Extracted records
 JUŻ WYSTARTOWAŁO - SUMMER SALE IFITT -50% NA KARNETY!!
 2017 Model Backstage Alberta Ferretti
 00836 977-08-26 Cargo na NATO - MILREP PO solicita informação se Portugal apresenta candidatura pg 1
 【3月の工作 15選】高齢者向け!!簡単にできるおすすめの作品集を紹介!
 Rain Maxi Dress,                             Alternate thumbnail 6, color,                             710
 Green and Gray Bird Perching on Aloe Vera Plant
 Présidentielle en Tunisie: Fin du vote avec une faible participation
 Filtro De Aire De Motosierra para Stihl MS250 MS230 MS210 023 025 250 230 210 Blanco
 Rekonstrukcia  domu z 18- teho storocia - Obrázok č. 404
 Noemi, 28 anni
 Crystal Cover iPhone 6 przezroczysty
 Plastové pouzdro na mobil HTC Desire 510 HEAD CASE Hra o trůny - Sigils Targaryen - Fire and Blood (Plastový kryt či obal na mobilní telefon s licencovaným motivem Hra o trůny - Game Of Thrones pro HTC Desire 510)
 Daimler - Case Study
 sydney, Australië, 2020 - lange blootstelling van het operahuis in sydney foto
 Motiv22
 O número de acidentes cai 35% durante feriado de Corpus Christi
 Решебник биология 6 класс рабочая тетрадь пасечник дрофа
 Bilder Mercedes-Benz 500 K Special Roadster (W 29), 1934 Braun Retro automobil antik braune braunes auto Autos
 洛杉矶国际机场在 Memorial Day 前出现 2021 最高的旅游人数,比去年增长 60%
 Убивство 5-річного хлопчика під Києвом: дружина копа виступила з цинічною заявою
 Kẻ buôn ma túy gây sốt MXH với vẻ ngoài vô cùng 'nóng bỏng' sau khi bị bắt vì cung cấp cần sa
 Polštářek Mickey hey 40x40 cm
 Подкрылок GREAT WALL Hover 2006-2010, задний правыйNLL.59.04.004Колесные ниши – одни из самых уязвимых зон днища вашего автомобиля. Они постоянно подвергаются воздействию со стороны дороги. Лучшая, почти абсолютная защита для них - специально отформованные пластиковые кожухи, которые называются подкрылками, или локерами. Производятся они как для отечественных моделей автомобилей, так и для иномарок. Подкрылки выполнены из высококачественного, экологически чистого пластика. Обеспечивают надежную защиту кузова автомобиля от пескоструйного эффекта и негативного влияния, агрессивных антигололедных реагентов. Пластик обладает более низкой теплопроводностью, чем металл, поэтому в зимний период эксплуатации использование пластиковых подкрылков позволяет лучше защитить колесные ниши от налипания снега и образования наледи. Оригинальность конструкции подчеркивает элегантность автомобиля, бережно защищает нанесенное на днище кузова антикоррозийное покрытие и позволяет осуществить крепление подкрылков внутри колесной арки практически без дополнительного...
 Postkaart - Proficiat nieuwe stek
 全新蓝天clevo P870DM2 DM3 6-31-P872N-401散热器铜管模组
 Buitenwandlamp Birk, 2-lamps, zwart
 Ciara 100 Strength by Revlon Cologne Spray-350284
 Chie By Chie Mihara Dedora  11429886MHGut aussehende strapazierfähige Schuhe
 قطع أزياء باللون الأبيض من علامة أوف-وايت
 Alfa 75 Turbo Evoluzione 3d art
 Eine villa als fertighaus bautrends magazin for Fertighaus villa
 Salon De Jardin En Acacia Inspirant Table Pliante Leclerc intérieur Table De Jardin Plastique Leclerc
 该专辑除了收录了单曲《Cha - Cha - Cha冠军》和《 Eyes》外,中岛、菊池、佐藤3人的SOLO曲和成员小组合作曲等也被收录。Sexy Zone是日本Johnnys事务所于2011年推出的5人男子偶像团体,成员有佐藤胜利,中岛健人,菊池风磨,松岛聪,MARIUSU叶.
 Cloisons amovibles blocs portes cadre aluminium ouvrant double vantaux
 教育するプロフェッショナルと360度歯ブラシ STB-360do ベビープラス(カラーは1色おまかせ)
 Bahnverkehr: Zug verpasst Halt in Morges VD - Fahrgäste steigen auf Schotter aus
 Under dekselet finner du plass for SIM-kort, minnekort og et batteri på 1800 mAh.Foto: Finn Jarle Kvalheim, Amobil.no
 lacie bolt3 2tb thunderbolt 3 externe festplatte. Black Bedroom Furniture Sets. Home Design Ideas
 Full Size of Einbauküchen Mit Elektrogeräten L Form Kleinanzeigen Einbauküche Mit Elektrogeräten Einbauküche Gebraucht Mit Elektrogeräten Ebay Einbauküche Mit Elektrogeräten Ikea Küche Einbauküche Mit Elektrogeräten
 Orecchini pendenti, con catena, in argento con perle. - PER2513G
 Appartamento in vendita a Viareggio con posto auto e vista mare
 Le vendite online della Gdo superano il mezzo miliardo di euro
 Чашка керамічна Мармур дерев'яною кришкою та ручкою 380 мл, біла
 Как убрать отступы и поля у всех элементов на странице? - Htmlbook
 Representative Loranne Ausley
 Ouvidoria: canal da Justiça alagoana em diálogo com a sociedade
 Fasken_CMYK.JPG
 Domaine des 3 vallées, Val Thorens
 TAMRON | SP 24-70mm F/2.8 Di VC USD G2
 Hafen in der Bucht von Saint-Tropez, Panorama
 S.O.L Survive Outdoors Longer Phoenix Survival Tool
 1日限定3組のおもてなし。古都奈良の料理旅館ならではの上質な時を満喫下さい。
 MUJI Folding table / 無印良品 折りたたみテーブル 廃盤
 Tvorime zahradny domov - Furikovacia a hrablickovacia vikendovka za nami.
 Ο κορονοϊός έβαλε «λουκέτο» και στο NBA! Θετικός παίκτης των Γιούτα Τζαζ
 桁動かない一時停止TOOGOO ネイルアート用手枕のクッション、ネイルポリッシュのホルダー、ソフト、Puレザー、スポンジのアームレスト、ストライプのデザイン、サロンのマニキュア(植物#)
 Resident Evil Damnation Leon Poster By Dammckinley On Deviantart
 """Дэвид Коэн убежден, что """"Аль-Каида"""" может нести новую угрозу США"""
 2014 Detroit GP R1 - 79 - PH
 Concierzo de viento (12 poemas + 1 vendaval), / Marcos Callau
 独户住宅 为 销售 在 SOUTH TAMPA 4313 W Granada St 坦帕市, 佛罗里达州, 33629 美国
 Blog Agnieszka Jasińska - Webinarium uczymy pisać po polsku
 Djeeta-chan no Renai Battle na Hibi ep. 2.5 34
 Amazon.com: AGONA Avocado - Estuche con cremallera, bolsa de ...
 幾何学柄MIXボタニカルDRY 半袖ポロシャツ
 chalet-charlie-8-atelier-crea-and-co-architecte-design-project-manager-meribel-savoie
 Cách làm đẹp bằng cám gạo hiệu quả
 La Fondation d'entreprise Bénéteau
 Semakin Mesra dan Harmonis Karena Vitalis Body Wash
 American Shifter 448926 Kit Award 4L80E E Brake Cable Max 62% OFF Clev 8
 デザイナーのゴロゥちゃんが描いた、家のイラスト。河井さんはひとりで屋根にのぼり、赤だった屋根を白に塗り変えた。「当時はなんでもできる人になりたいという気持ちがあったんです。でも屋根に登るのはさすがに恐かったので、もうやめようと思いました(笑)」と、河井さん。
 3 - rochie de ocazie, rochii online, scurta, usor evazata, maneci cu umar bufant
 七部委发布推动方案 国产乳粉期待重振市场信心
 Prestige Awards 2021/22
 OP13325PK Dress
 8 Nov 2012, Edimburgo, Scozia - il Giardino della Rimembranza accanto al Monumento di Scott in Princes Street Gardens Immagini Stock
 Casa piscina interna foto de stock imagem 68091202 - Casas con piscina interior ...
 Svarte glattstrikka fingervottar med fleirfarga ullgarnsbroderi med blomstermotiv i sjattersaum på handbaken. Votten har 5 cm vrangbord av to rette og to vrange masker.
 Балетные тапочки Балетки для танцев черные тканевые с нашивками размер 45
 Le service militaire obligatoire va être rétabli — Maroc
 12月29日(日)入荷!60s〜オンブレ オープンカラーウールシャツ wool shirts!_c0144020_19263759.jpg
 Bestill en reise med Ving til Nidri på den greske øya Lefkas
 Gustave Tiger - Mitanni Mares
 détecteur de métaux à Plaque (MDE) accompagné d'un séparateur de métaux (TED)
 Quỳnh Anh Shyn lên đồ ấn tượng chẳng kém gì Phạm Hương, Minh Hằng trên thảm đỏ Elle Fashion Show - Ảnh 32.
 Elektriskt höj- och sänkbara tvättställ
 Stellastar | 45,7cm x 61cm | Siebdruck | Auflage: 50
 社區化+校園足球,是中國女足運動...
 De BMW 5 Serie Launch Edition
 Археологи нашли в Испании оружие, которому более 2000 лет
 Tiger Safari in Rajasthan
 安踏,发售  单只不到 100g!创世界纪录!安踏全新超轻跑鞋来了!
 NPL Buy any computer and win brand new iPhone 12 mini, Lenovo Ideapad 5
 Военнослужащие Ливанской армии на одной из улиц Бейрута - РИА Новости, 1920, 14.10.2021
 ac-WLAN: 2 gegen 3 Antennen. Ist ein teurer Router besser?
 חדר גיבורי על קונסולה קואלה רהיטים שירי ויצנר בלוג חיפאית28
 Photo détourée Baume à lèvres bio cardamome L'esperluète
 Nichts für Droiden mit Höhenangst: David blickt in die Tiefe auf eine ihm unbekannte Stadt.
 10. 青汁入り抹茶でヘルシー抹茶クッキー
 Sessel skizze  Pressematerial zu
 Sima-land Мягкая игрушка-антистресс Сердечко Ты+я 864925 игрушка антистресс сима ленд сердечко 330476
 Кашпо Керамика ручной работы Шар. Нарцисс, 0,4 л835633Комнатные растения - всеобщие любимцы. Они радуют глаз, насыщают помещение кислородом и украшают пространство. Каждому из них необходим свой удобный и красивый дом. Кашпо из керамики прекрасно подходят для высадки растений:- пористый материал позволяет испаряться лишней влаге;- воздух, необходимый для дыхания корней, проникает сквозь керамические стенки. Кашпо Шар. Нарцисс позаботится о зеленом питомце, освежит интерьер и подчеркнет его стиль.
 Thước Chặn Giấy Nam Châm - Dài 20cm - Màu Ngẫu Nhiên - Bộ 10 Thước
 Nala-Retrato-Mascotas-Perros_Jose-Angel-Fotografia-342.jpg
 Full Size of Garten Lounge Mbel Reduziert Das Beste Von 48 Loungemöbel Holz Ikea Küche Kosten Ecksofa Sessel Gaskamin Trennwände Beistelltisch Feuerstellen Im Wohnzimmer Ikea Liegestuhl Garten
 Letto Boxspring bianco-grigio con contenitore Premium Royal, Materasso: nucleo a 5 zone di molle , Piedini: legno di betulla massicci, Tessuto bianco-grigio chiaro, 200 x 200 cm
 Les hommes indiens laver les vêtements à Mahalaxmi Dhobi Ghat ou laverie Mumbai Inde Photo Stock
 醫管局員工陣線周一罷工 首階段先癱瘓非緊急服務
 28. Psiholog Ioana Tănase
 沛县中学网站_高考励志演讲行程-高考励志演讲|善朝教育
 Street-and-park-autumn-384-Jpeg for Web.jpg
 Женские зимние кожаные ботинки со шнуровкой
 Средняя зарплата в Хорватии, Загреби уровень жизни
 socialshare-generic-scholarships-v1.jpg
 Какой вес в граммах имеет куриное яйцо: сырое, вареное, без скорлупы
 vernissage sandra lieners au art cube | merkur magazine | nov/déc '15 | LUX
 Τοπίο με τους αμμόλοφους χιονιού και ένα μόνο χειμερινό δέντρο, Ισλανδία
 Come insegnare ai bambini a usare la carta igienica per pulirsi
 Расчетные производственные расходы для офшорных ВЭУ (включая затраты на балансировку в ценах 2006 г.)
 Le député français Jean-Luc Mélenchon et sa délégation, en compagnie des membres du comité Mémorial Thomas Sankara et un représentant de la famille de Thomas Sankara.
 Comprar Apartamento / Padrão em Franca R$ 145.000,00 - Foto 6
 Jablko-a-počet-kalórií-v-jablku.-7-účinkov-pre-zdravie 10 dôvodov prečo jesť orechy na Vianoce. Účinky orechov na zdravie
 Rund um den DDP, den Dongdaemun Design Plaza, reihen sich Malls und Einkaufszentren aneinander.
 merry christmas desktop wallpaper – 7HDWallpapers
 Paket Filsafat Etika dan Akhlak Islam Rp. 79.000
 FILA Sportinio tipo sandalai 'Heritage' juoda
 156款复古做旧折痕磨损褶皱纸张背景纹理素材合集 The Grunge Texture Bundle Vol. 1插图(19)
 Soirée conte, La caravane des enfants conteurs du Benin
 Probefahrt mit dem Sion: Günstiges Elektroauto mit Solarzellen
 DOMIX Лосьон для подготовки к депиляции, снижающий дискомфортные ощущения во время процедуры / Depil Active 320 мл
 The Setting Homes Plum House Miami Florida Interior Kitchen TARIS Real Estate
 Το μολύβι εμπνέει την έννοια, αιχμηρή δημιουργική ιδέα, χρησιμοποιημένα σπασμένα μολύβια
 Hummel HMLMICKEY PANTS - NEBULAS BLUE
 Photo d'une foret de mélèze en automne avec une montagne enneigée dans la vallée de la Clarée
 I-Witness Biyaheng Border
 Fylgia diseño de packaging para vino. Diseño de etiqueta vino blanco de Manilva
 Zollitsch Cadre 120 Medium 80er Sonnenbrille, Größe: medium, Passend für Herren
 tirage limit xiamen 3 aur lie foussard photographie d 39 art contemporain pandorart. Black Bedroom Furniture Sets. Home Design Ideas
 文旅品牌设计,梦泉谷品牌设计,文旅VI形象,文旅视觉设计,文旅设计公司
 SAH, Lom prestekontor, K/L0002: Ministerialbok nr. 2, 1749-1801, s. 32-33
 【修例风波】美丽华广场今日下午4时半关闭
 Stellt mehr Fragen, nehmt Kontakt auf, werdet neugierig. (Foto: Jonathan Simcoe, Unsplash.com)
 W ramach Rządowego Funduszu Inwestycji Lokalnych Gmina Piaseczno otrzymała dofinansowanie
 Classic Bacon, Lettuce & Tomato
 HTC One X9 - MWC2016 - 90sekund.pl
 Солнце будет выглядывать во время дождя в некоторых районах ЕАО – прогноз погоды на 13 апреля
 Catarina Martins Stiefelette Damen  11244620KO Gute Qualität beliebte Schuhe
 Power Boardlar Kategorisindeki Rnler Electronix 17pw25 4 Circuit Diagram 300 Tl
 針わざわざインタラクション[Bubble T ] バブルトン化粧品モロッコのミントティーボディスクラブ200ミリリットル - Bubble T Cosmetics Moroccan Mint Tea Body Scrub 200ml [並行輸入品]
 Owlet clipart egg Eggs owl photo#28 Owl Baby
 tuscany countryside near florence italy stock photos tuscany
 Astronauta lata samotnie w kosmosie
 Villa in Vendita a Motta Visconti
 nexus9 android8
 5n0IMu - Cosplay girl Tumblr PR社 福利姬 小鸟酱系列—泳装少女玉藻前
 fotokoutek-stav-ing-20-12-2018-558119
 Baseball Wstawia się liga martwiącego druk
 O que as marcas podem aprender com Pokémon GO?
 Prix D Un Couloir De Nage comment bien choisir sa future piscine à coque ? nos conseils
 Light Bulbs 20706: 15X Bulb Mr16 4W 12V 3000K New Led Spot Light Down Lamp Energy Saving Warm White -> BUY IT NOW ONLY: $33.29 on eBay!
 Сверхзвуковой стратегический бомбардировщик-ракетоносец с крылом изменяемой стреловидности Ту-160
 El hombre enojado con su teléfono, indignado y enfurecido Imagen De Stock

WORK TO COMPLETE — Exactly as they appear above, output the lines of the data from the first through the one that contains "Убивство 5-річного хлопчика", and only those lines.

WRITTEN REPLY —
 JUŻ WYSTARTOWAŁO - SUMMER SALE IFITT -50% NA KARNETY!!
 2017 Model Backstage Alberta Ferretti
 00836 977-08-26 Cargo na NATO - MILREP PO solicita informação se Portugal apresenta candidatura pg 1
 【3月の工作 15選】高齢者向け!!簡単にできるおすすめの作品集を紹介!
 Rain Maxi Dress,                             Alternate thumbnail 6, color,                             710
 Green and Gray Bird Perching on Aloe Vera Plant
 Présidentielle en Tunisie: Fin du vote avec une faible participation
 Filtro De Aire De Motosierra para Stihl MS250 MS230 MS210 023 025 250 230 210 Blanco
 Rekonstrukcia  domu z 18- teho storocia - Obrázok č. 404
 Noemi, 28 anni
 Crystal Cover iPhone 6 przezroczysty
 Plastové pouzdro na mobil HTC Desire 510 HEAD CASE Hra o trůny - Sigils Targaryen - Fire and Blood (Plastový kryt či obal na mobilní telefon s licencovaným motivem Hra o trůny - Game Of Thrones pro HTC Desire 510)
 Daimler - Case Study
 sydney, Australië, 2020 - lange blootstelling van het operahuis in sydney foto
 Motiv22
 O número de acidentes cai 35% durante feriado de Corpus Christi
 Решебник биология 6 класс рабочая тетрадь пасечник дрофа
 Bilder Mercedes-Benz 500 K Special Roadster (W 29), 1934 Braun Retro automobil antik braune braunes auto Autos
 洛杉矶国际机场在 Memorial Day 前出现 2021 最高的旅游人数,比去年增长 60%
 Убивство 5-річного хлопчика під Києвом: дружина копа виступила з цинічною заявою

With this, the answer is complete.